We have been having our share of cold weather this week. Our weather is still very tempered by our position and proximity to the Atlantic Ocean so I am talking about temperatures dipping below zero centigrade at nightime and rising to a high of 7 or 8 degrees during the day. From comments I am receiving on the blog, I get the feeling that a lot of gardeners are nevertheless eager to get their seeds sorted and start with the spring planning. If you are restricted in your gardening activities at the moment, it might be the time to think about building or looking for a bee hotel.

My first bee hotel had been a gift that had languished under the lilac tree until in March 2013 I had seen the male Osmia checking out the holes in search of newly hatched females. (Short Mason Bee Update).
I found watching the bees as they nested fascinating and decided to add more bee hotels to the garden. (New Mason Bee Nests)
I decided to examine the best places to mount the bee hotels and monitor the best designs and sizes of holes.

What I discovered is that it doesn’t matter!

Once you have provided the holes, the visitors will begin to arrive.

You are likely to see more than just bees. I get solitary wasps. These are not aggressive creatures so no worry about being attacked and stung, unless you are a caterpillar! These solitary wasps are the gardeners’ friend and will stock their nests with caterpillars and other goodies for their carnivorous larvae.

If you give them a varied selection of holes and hollow stems, they will do the rest. Here is an Osmia bee (I think caerulescens ) cleaning out the holes drilled in a cut log. This is in June. Some bees will come to my garden in March or April, others will come in the summertime and others may return for a second time in the same year.

I must admit to have been pretty excited the first time I saw a bee emerging from “my” bee house in May 2014. This is the very bamboo cane that had been so carefully sealed with a rose petal by a Megachile the previous September.

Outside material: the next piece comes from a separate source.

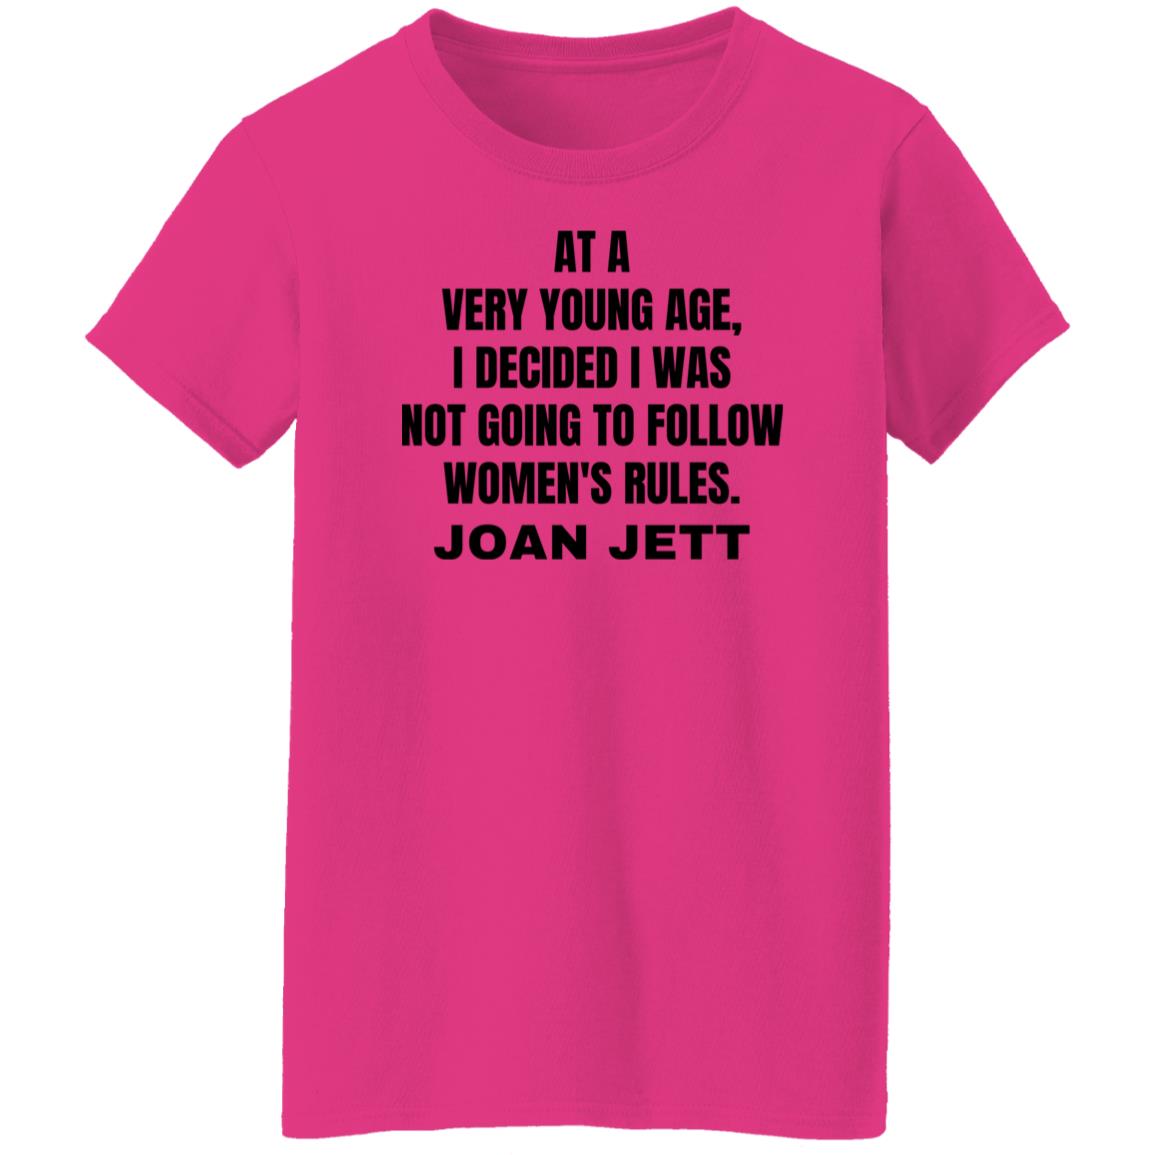 Joan Jett Women's Rules Quote T-Shirt

It is also exciting is to watch which bees decide to take up residence. This little bee (Heriades truncorum, I think) is less than a centimetre long and as well as nesting in the bamboo canes was also quite happy to use the much finer old, cut stems of my Leycesteria formosa (Himalayan nutmeg.)
So the most important action is to put something up. Whether it be approaching a work of art or some hollow stems stuffed into an empty plastic bottle: there are lots of ideas out there on the web. I think they like the sunny spots but all my bee hotels have been used, even the ones in shady places. If you hope to photograph the nests you should think about having good natural light available as you will need to be using a fast shutter speed.
For the curious, like me, there is also a solitary bee nest that can be opened so that you can see exactly what has been happening over the summertime. I found it on http://www.wildlifeworld.co.uk/p/solitary-bee-hive?pp=24
I did not buy it until the end of the summer but I could not resist putting it up, although I thought it was much too late to attract any interest.

But then on the 29th. of September last year Anthea arrived. Yes, it has got that bad! I’ve started giving them names – Anthea, the Anthidium manicatum.

We had lots fun watching her bringing her bales of cotton to make her nest. She harvests her cotton wool by clipping off the soft hairs that cover the grey/green leaves of plants like sage, stachys, artemisia and verbascums. But sometimes she gets it wrong and flies into the wrong hole and makes a hasty turnaround like she has done here, to return to the correct one.

In the middle of December I decided to take my boxes down and I had a look at the inside of the new box. The cocoons were beautiful with no sign of mites. I will take another look before the bees come back to see if they have survived the winter intact.
I also decided to buy some nesting tubes and paper liners from the same site, Wildlife World. The tubes are well cut and will save time as I have been promised another new bee hotel for this year 🙂

One problem I have had is that our lizards love to sun themselves on top of the bamboo stems of the bee hotels. However, to make themselves really comfortable, they kick out the tubes. This year the tubes must be firmly wedged with pieces of wood so that not even the strongest lizard can displace them.